By Jon Harper, National Defense
Lawmakers have repeatedly refused to authorize another round of U.S. military base realignment and closure, known as BRAC, despite pleas from Pentagon leaders. But that could change now that President Donald Trump is in office, according to defense analysts.
Pentagon officials estimate that another round of BRAC — which last occurred in 2005 — would save $2 billion annually. That money could be reinvested to address military readiness shortfalls, noted Kurt Couchman, vice president of public policy at Defense Priorities, a national-security focused advocacy group.
“The new president I think is the main reason for optimism,” he said at a conference on Capitol Hill. “There was a lot of distrust for President Obama [among Republican lawmakers]. There was a lot of concern about his … commitment to a strong national defense — whether or not that was justified, there was a lot of concern there.
“There isn’t that level of concern with President Trump,” he continued.
GOP members of Congress are now more likely to have confidence that any savings from BRAC would be reinvested in other military priorities, Couchman suggested. “With [Secretary of Defense James] Mattis in the driver seat of this whole process, I think people could be assured that he is going to put the readiness and capabilities of the armed forces above everything else.”
Christopher Preble, vice president for defense and foreign policy studies at the Cato Institute, envisioned Trump using the presidential bully pulpit to pressure lawmakers to cut unnecessary overhead.
“To my knowledge he has not addressed the subject [of BRAC] specifically, but he has talked about the amount of waste at the Pentagon and using … efficiencies to pay for some of his increased force structure,” Preble said.
Mattis has promised to find efficiencies and improve the way the Pentagon does business as part of the fiscal years 2019-2023 defense program that is being developed.

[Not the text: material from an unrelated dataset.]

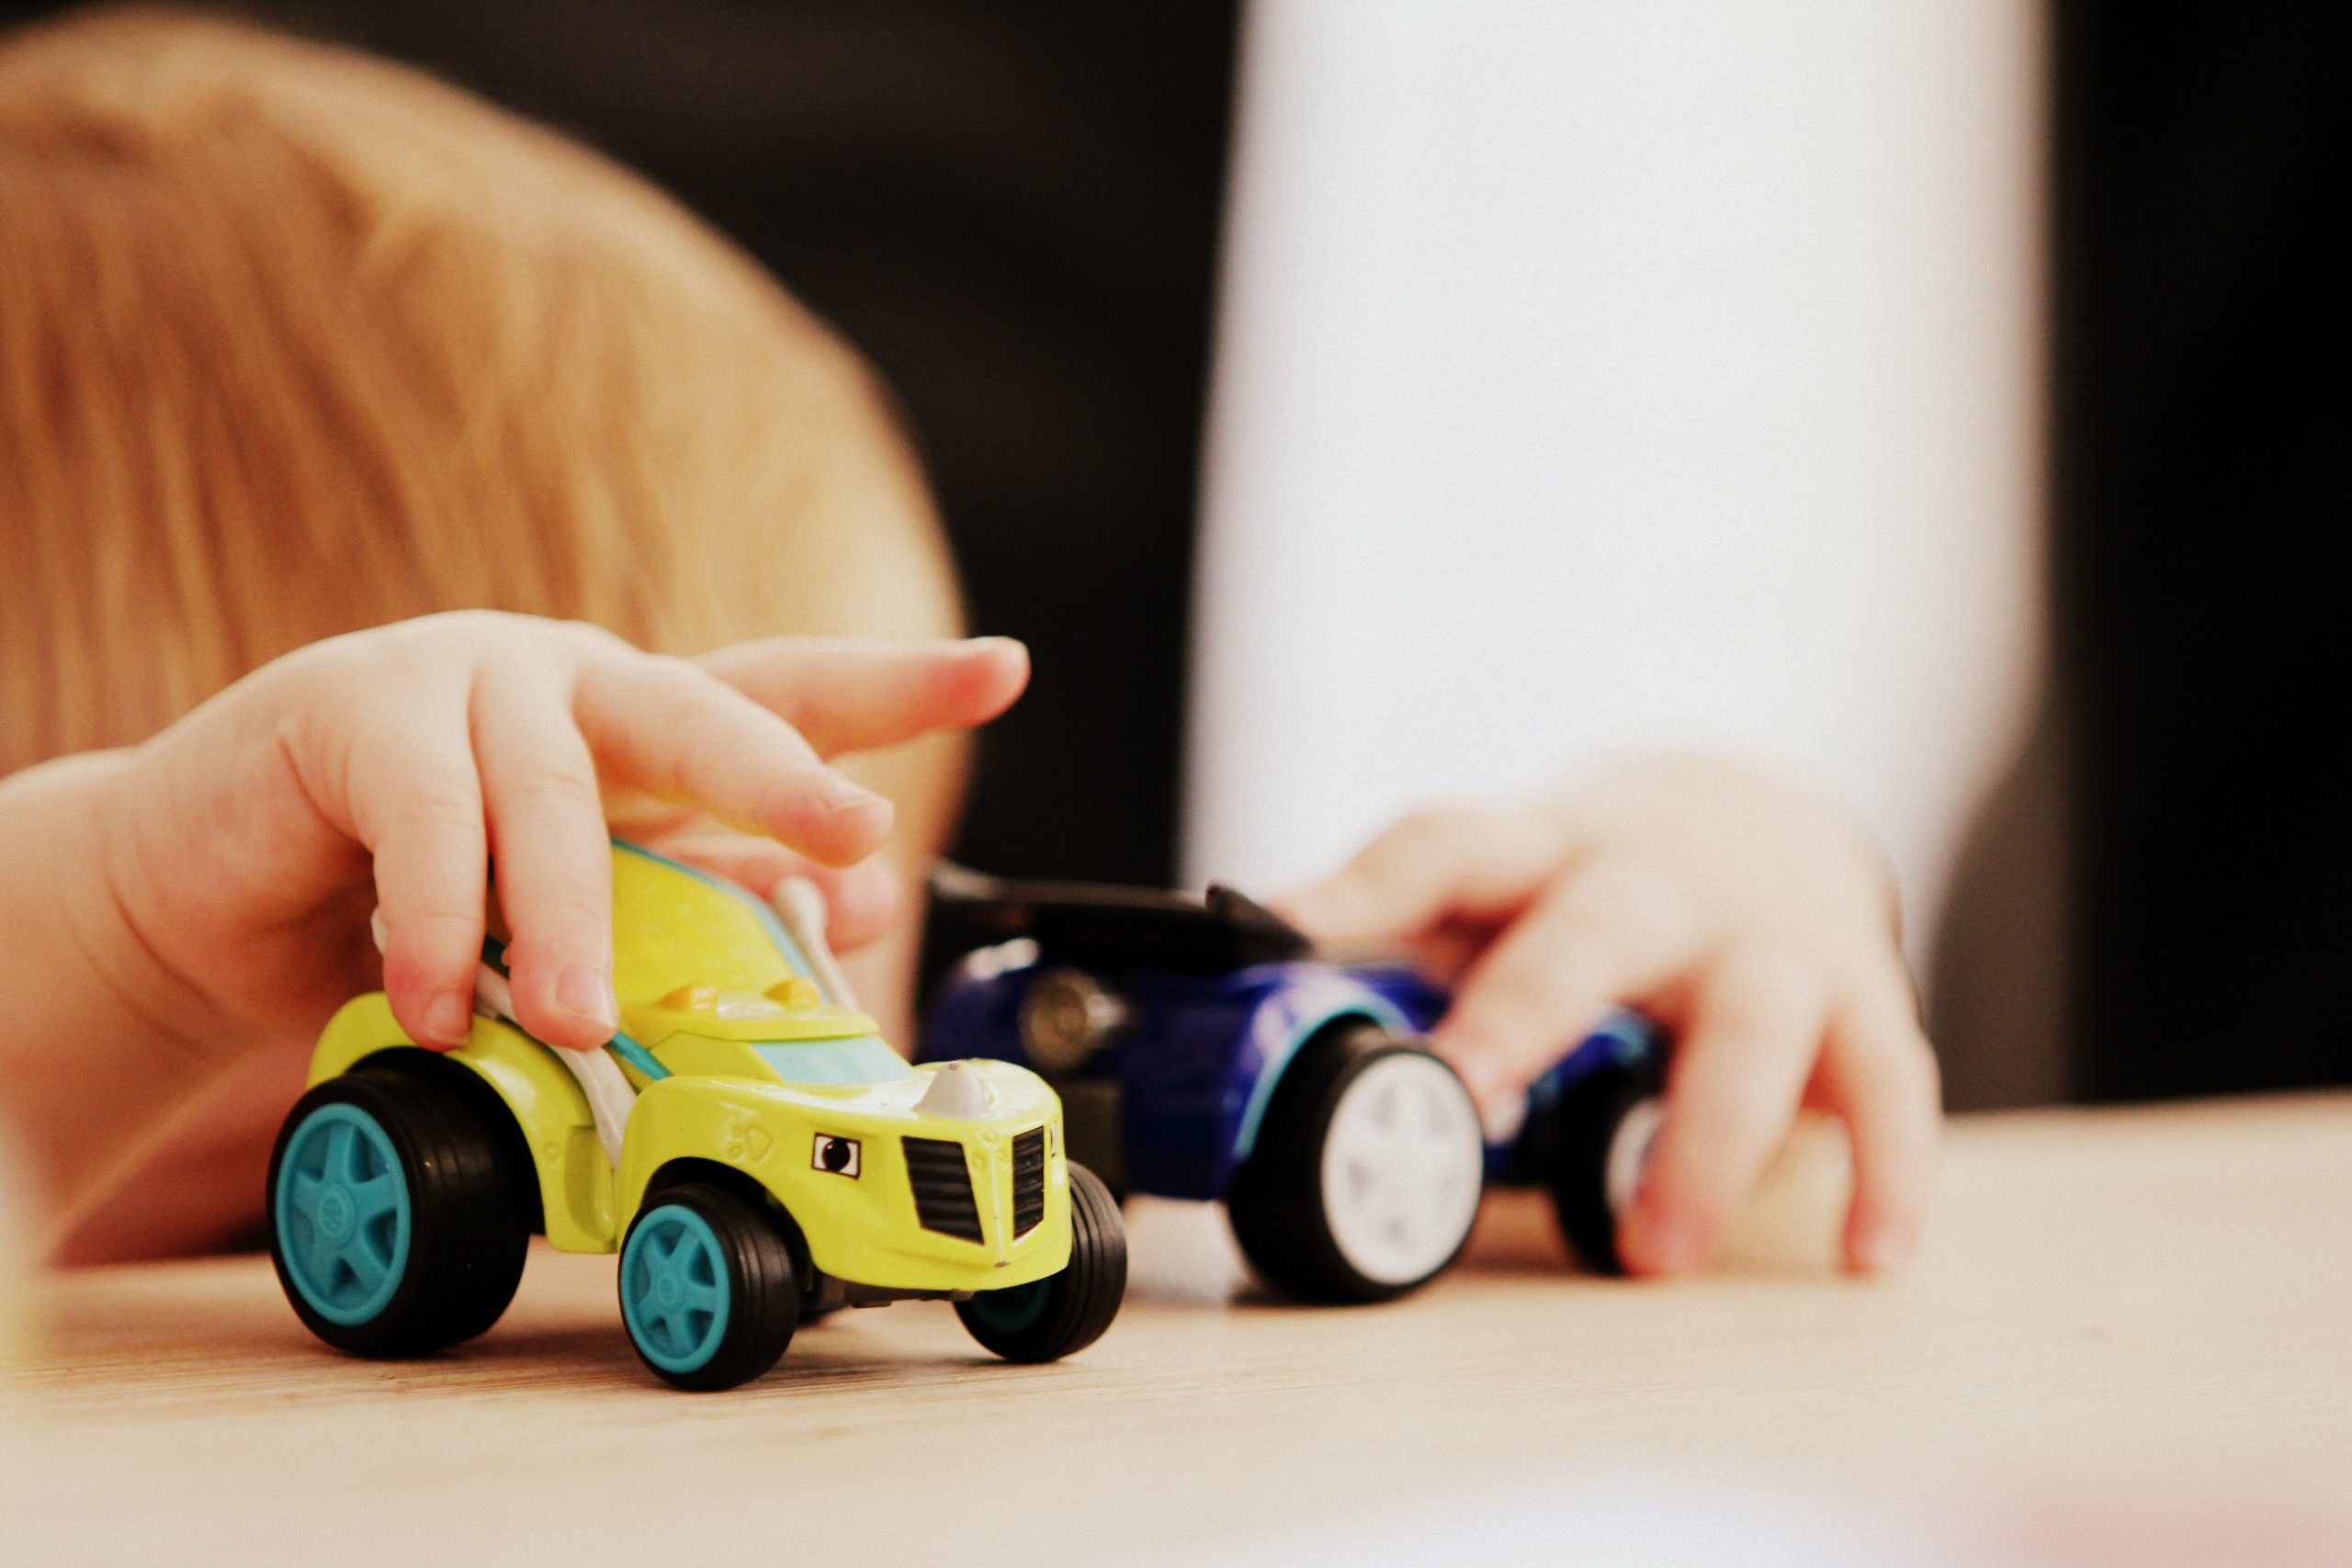 Four-year-old calls the cops, gets police to verify his toys are cool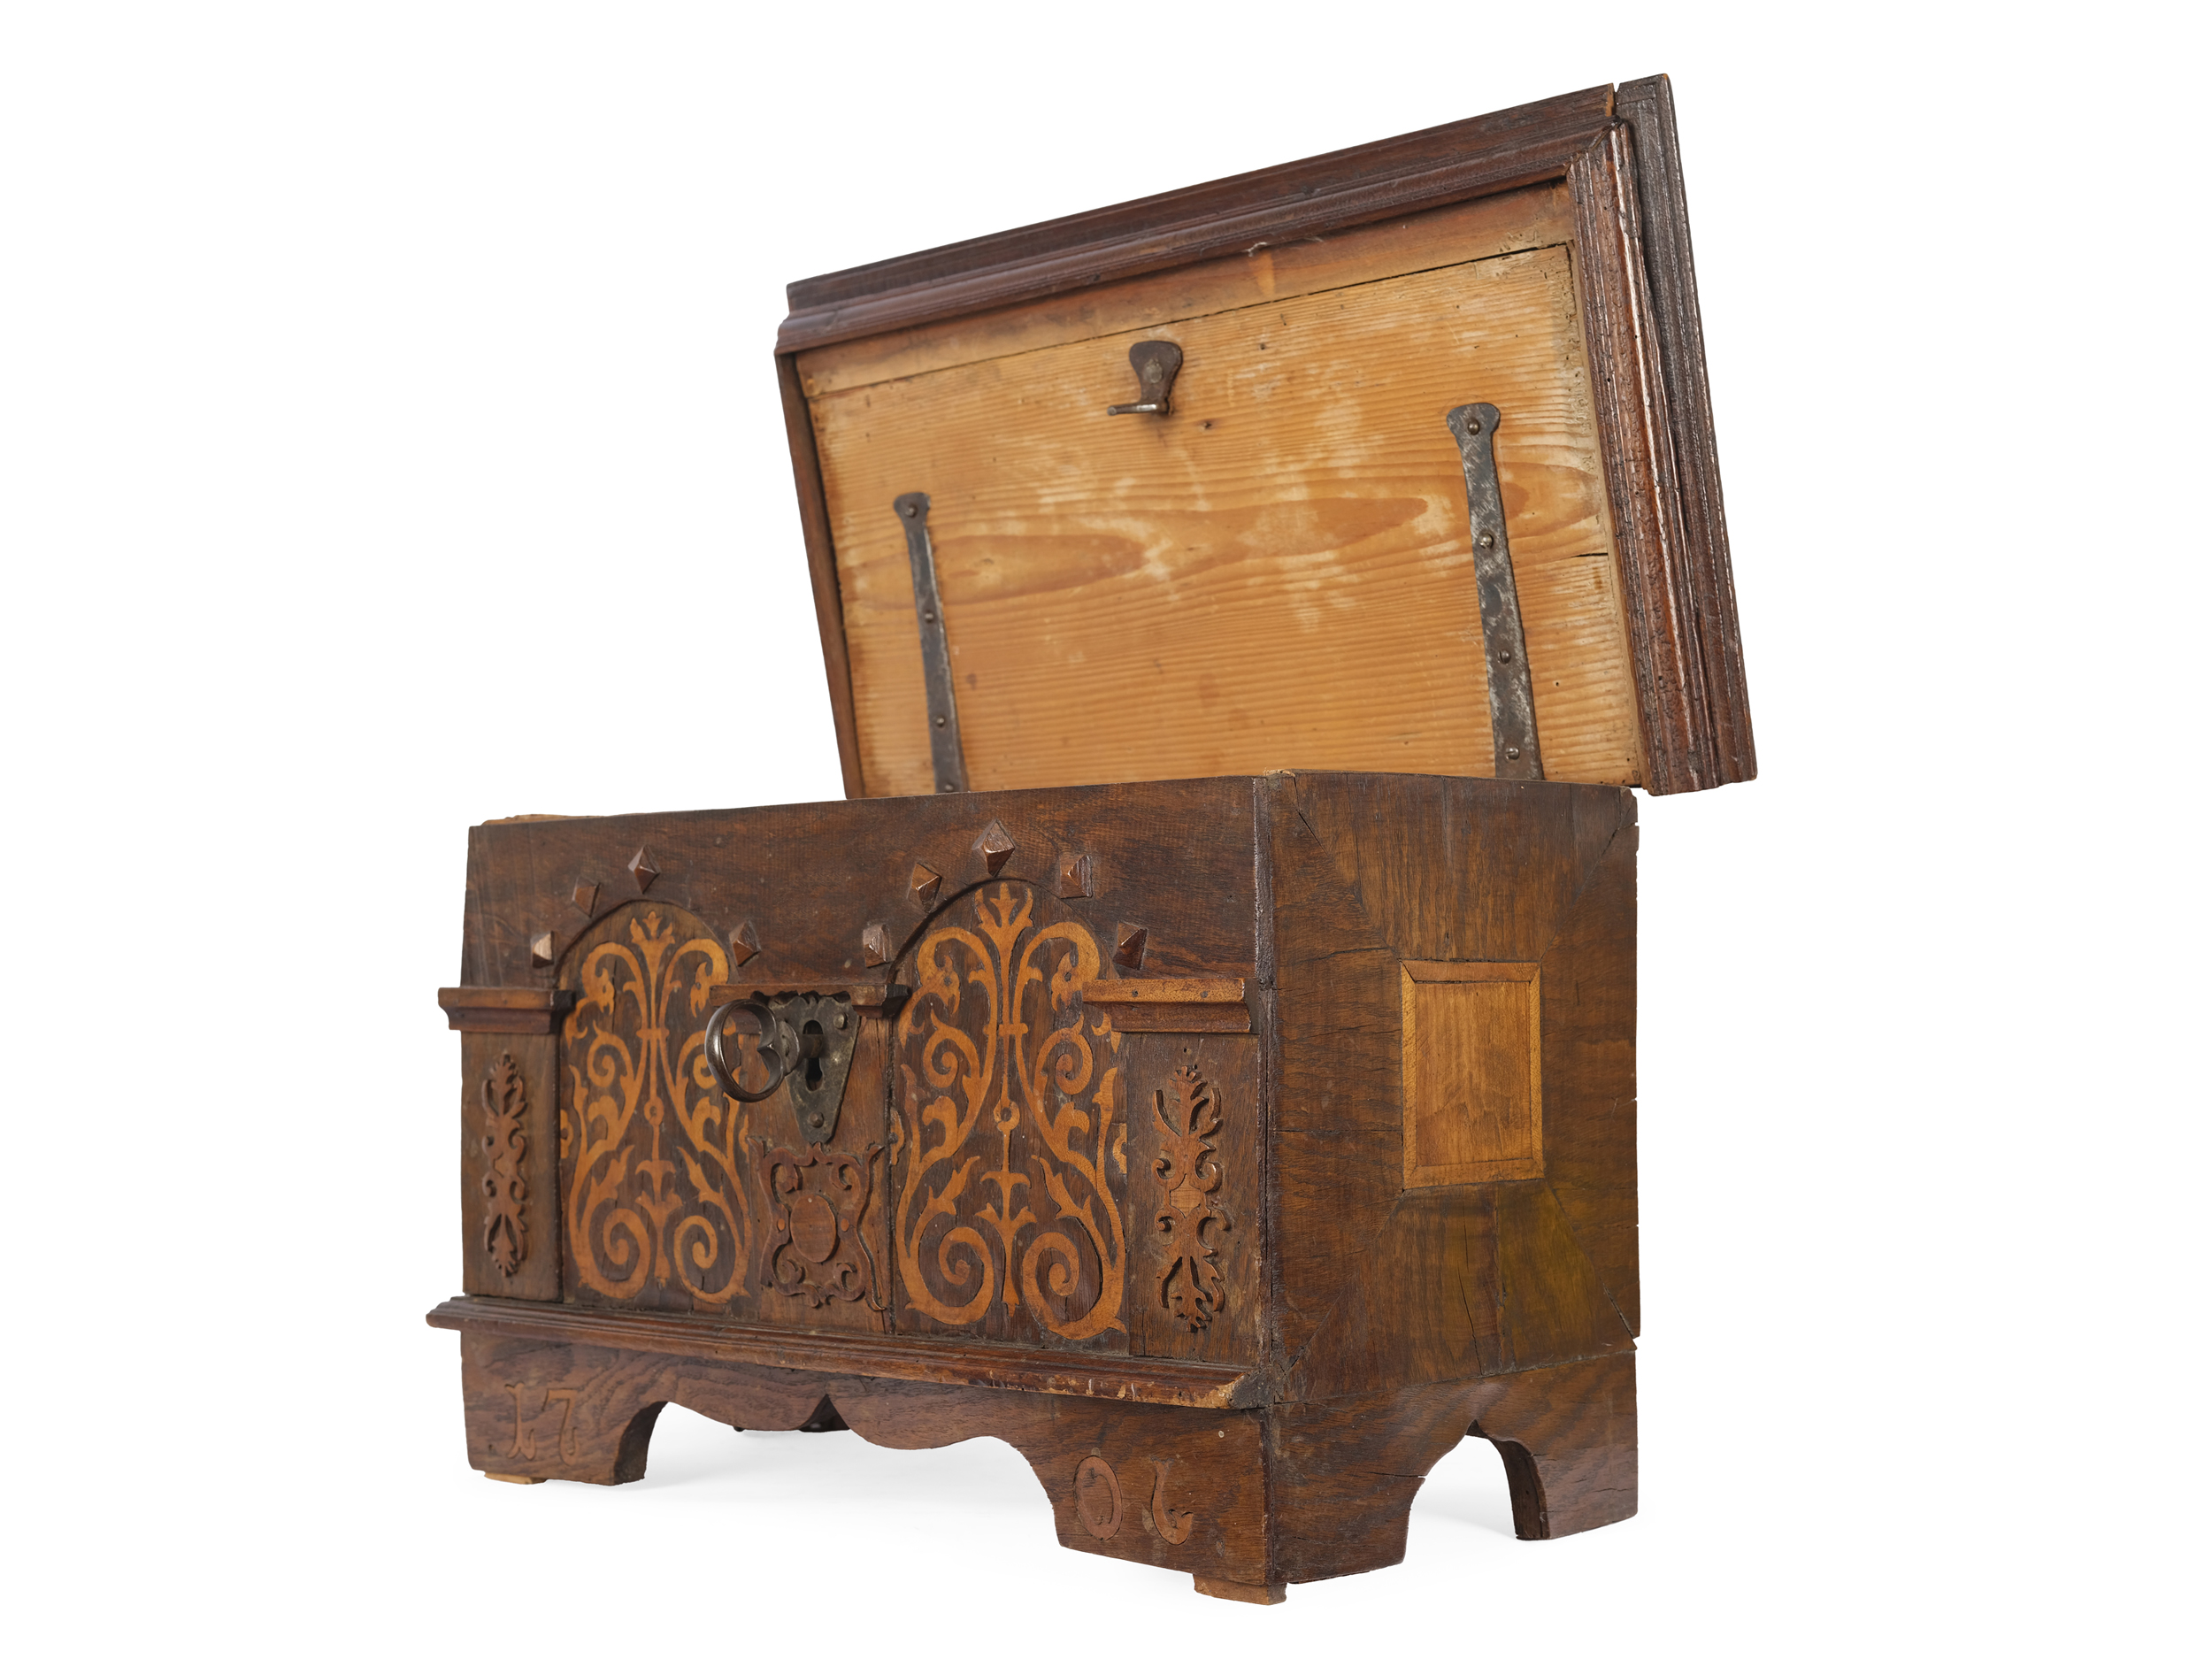 Small chest, alpine, dated 1706 - Image 3 of 5

Preble expects a push for base realignment and closures, and a reduction in civilian overhead, to be part of that.
“I find it hard to believe that the president can implement major efficiency reforms that don’t address the overhead problem,” he said.
Nevertheless, there’s no guarantee that lawmakers would green-light another round of BRAC, even if Trump and Mattis push for it.
“I’ve worked for two members of Congress, and nobody wants a facility in their district to go away” and have a negative impact on the local economy, Couchman said.